Boer Meine D, Melkonian Chrats, Zafeiropoulos Haris, Haas Andreas F, Garza Daniel R, Dutilh Bas E
Theoretical Biology and Bioinformatics, Utrecht University, 3584 CH Utrecht, the Netherlands.
Department Marine Microbiology and Biogeochemistry, NIOZ Royal Netherlands Institute for Sea Research, PO Box 59, Den Burg 1790 AB, Texel, The Netherlands.
iScience. 2024 Nov 7;27(12):111349. doi: 10.1016/j.isci.2024.111349. eCollection 2024 Dec 20.

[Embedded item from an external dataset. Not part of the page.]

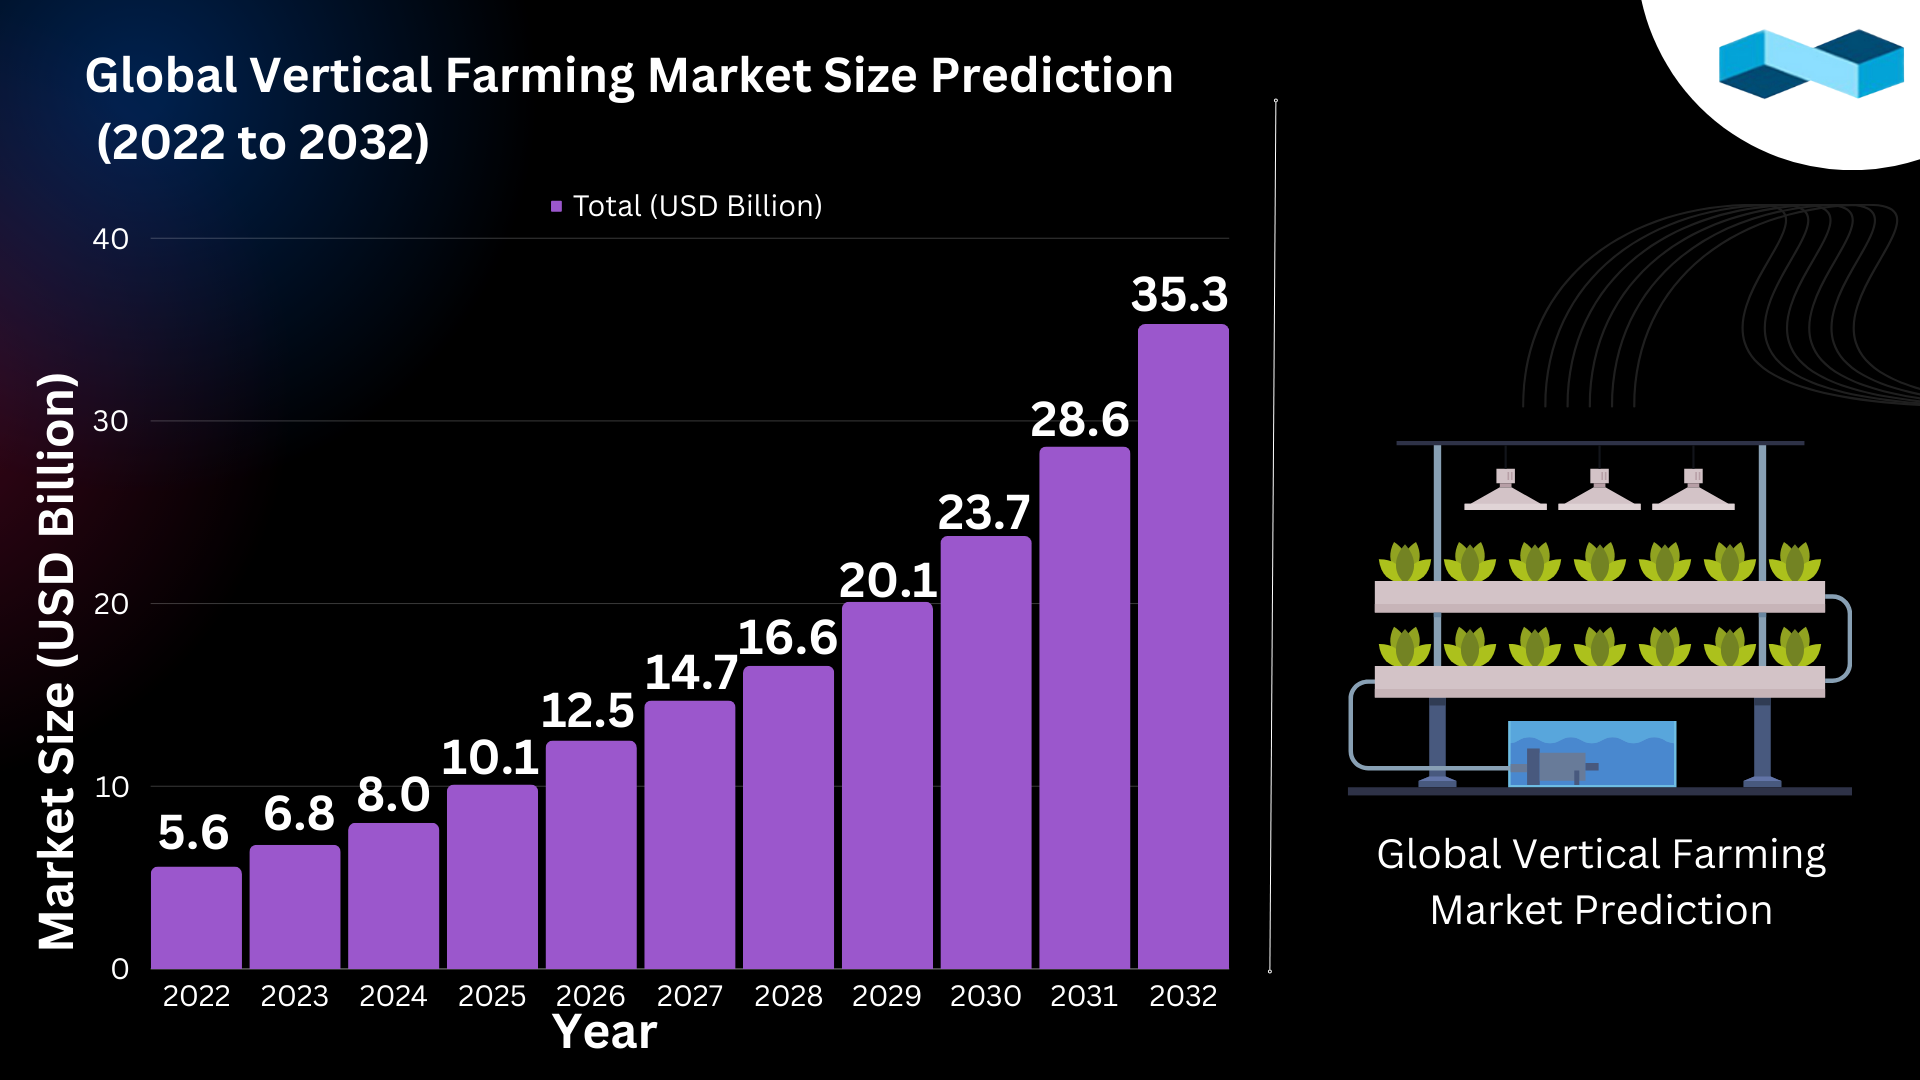 Global Vertical Farming Market Size Prediction

Deciphering microbial metabolism is essential for understanding ecosystem functions. Genome-scale metabolic models (GSMMs) predict metabolic traits from genomic data, but constructing GSMMs for uncultured bacteria is challenging due to incomplete metagenome-assembled genomes, resulting in many gaps. We introduce the deep neural network guided imputation of reactomes (DNNGIOR), which uses AI to improve gap-filling by learning from the presence and absence of metabolic reactions across diverse bacterial genomes. Key factors for prediction accuracy are: (1) reaction frequency across all bacteria and (2) phylogenetic distance of the query to the training genomes. DNNGIOR predictions achieve an average F1 score of 0.85 for reactions present in over 30% of training genomes. DNNGIOR guided gap-filling was 14 times more accurate for draft reconstructions and 2-9 times for curated models than unweighted gap-filling.
解读微生物代谢对于理解生态系统功能至关重要。基因组规模代谢模型(GSMMs)可根据基因组数据预测代谢特征,但由于宏基因组组装基因组不完整,为未培养细菌构建GSMMs具有挑战性,会导致许多缺口。我们引入了反应组的深度神经网络引导插补(DNNGIOR),它通过从不同细菌基因组中代谢反应的存在与否进行学习,利用人工智能改进缺口填充。预测准确性的关键因素是:(1)所有细菌中的反应频率,以及(2)查询序列与训练基因组的系统发育距离。对于存在于超过30%训练基因组中的反应,DNNGIOR预测的平均F1分数达到0.85。与未加权缺口填充相比,DNNGIOR引导的缺口填充对于草图重建的准确性高14倍,对于经过整理的模型高2至9倍。